* Exercise input:
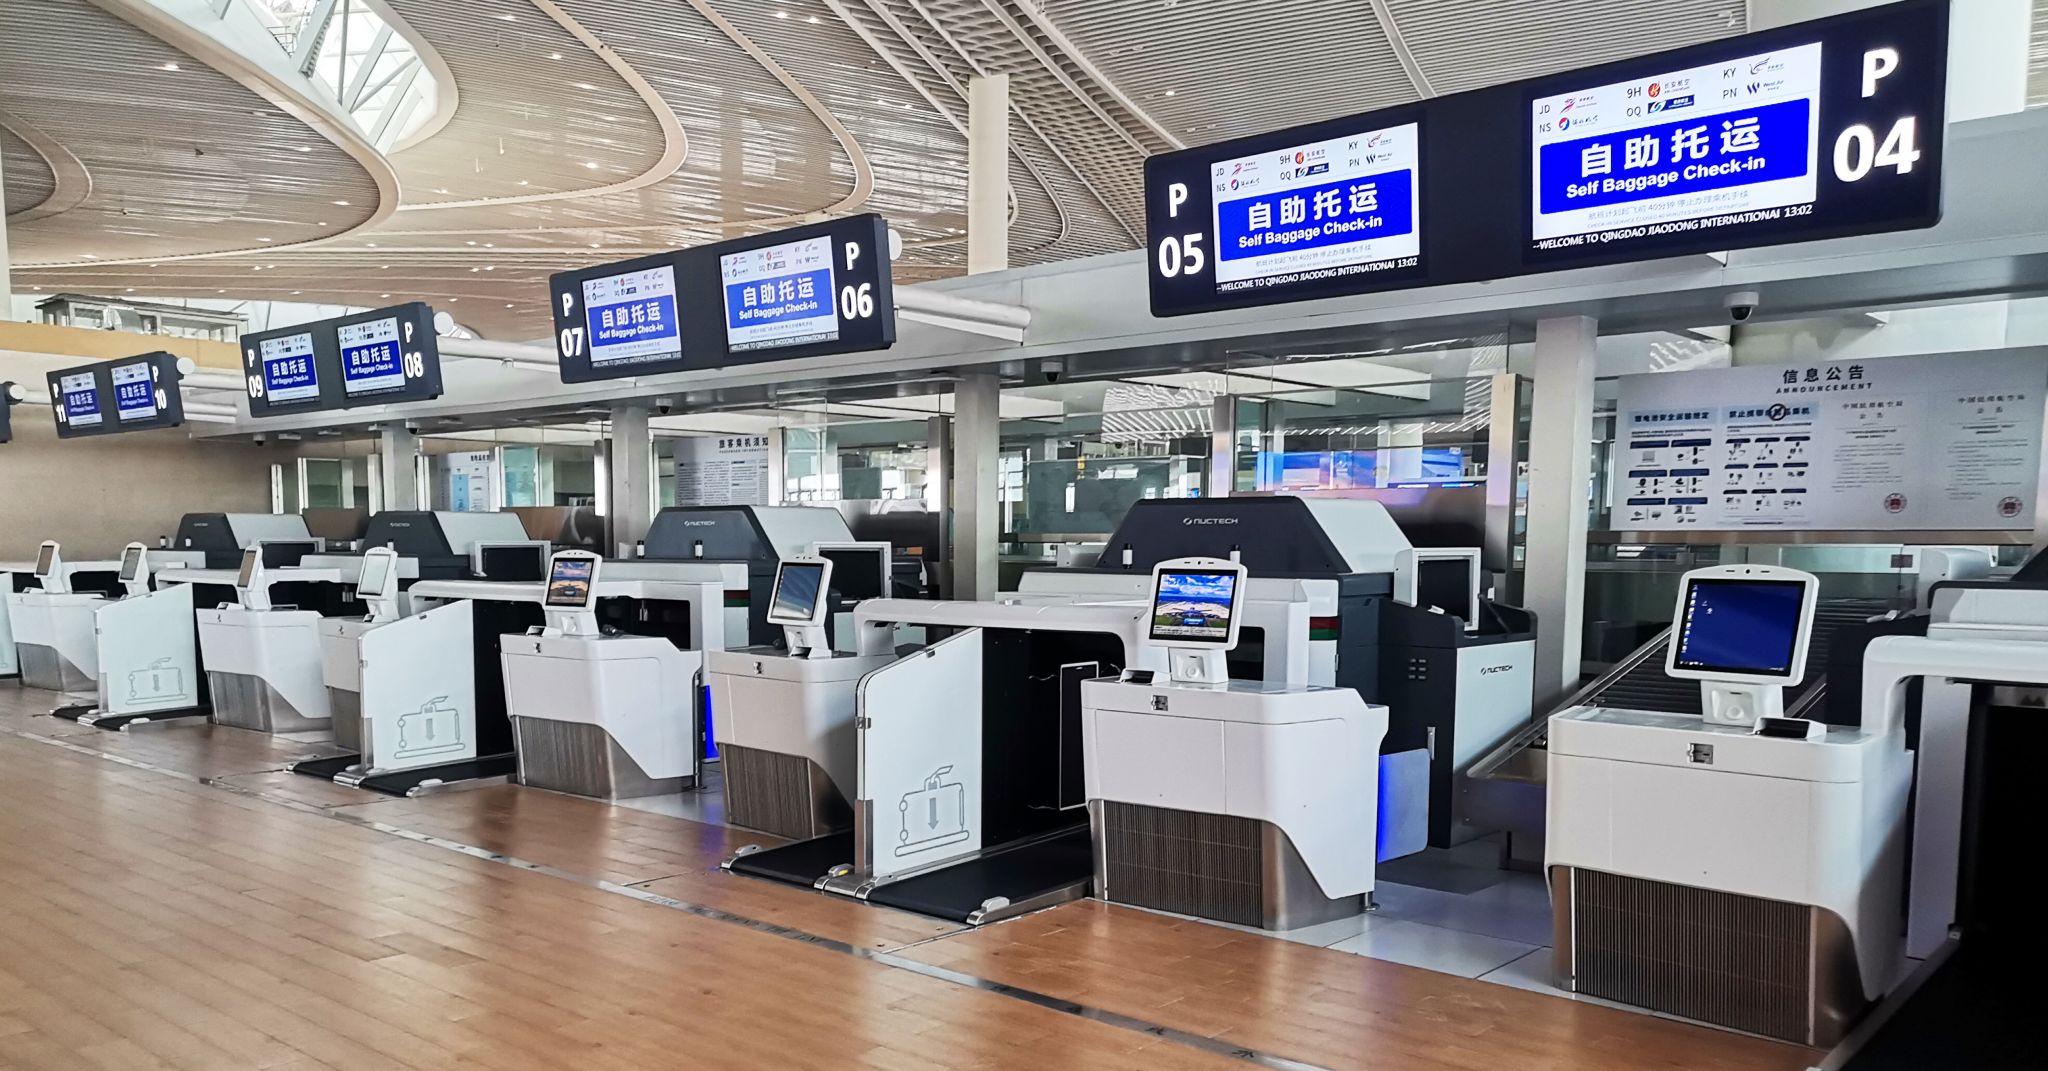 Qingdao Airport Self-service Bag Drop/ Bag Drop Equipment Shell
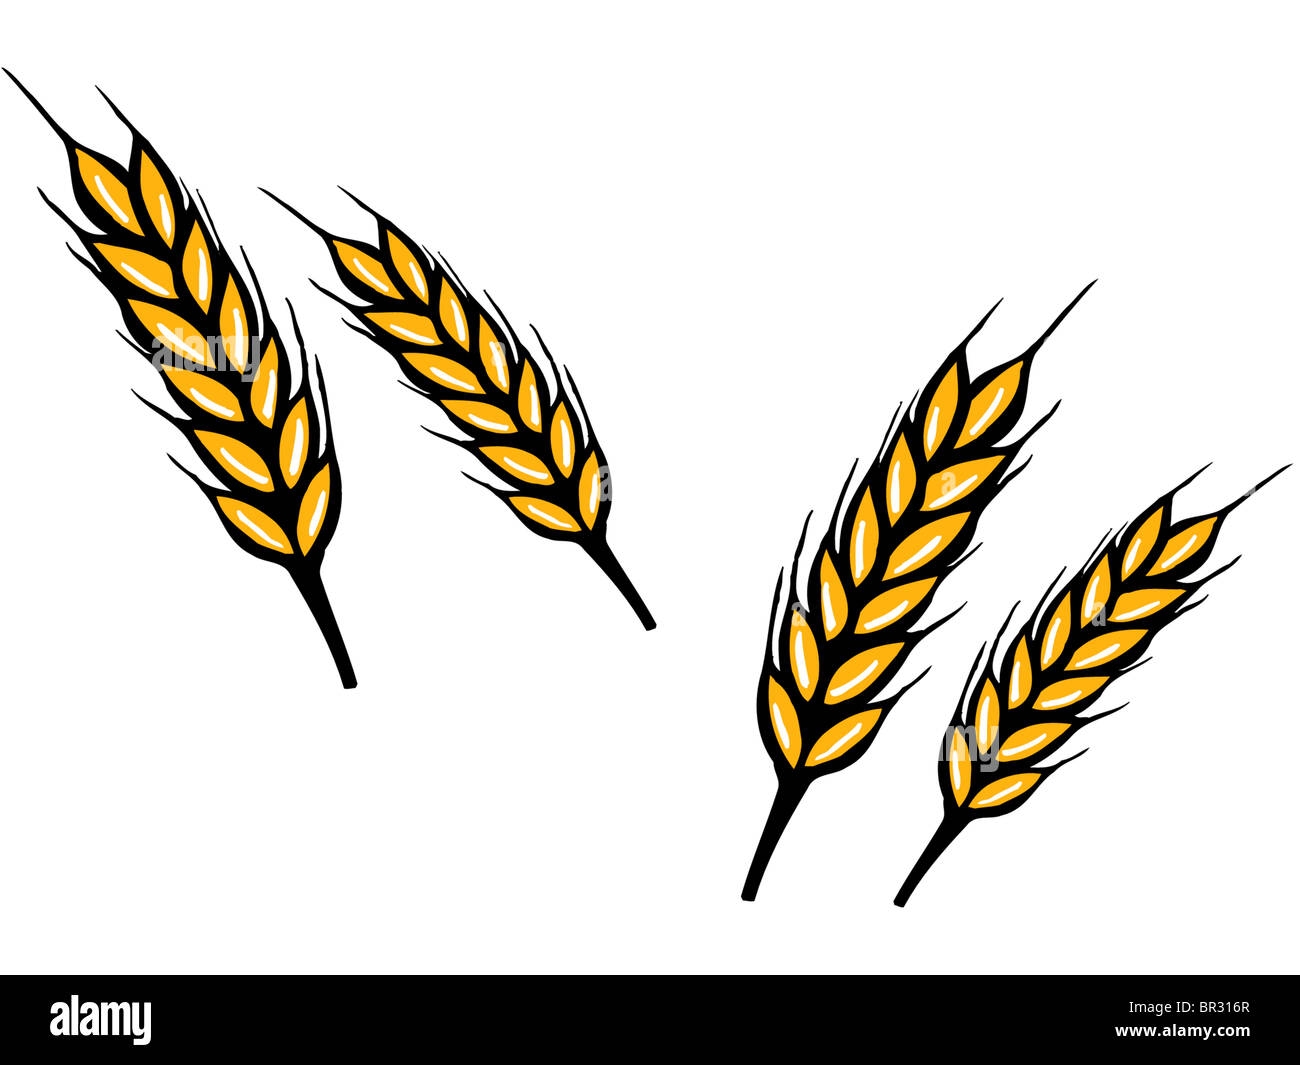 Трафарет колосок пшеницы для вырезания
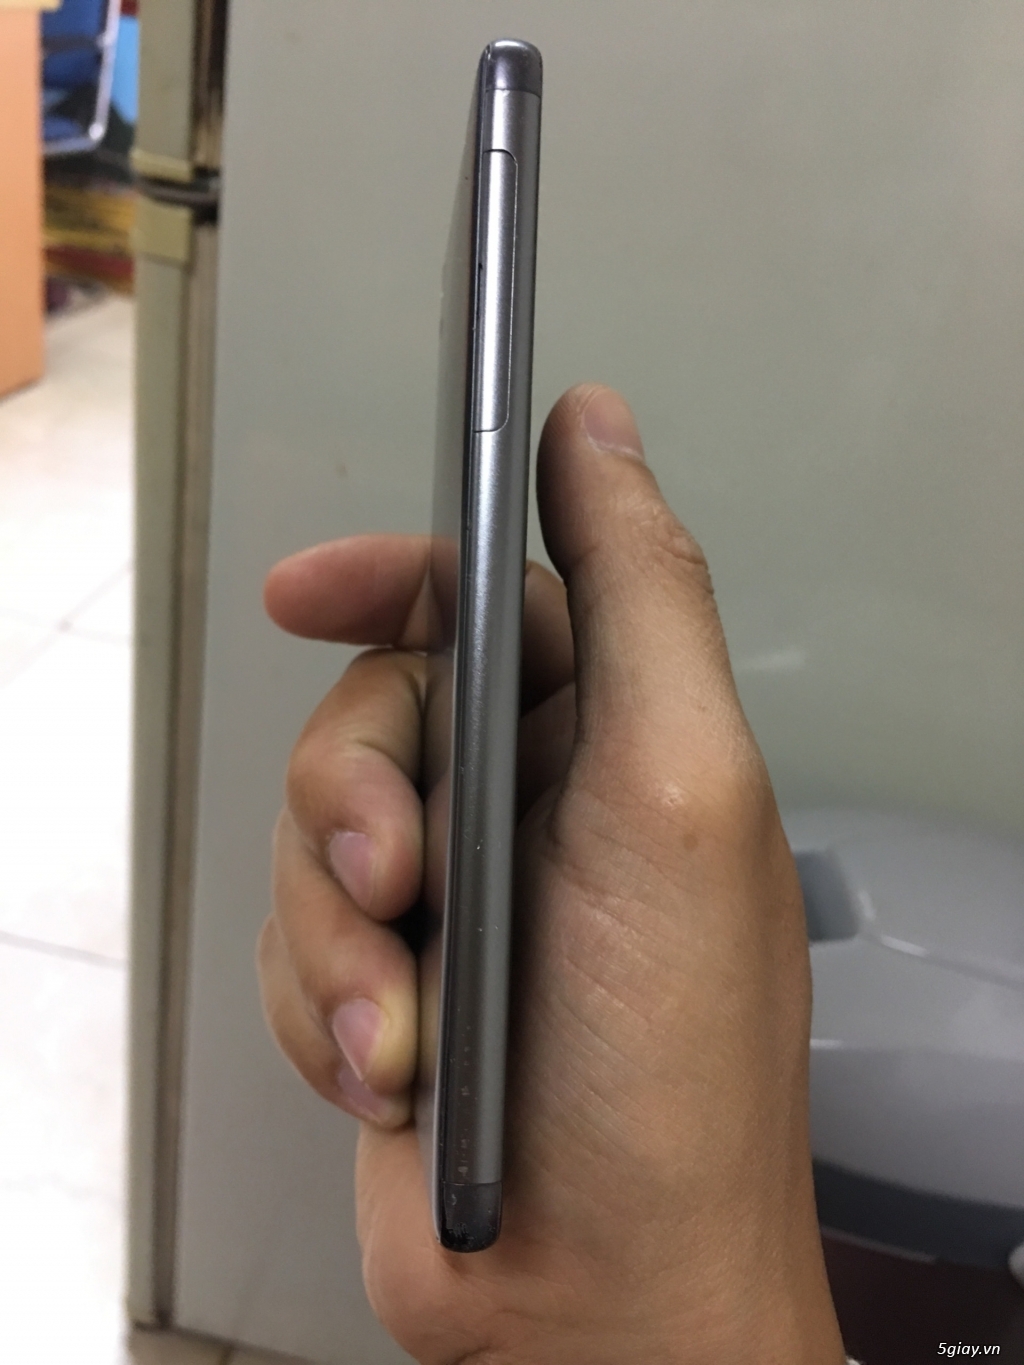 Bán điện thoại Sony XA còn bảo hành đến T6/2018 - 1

---

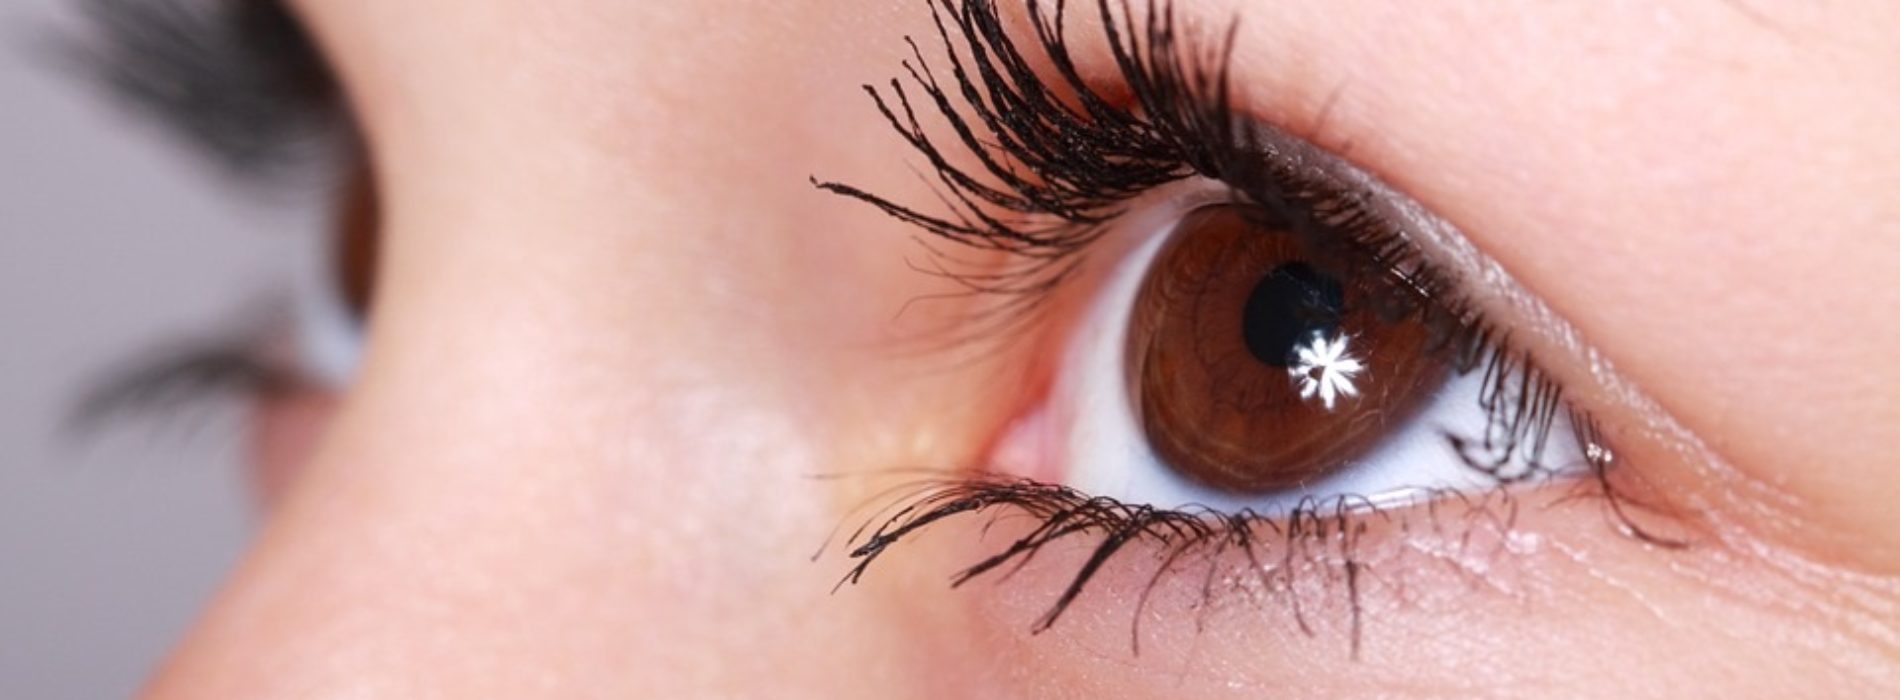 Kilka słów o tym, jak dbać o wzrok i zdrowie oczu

==

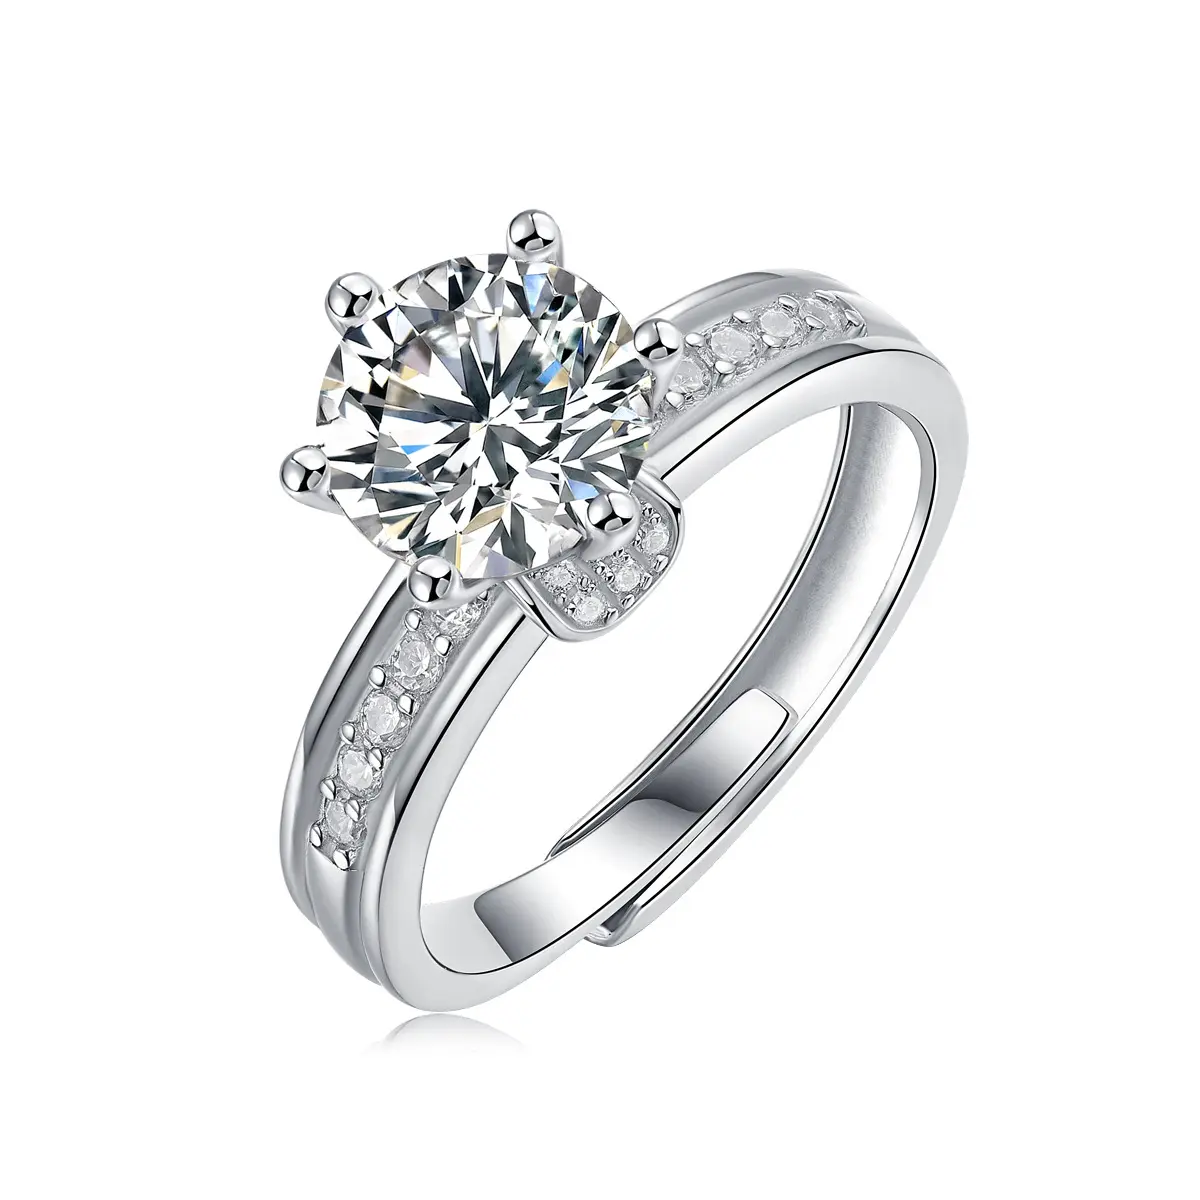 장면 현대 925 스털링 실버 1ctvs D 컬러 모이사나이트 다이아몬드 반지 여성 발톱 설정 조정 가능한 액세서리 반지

* Goal of the exercise:
What to print is the stretch of entries from the line with "Qingdao Airport Self-service" up to and including the line with "Bán điện thoại". Please print it exactly and leave out the pictures.

* Problem solution:
 Qingdao Airport Self-service Bag Drop/ Bag Drop Equipment Shell
 Трафарет колосок пшеницы для вырезания
 Bán điện thoại Sony XA còn bảo hành đến T6/2018 - 1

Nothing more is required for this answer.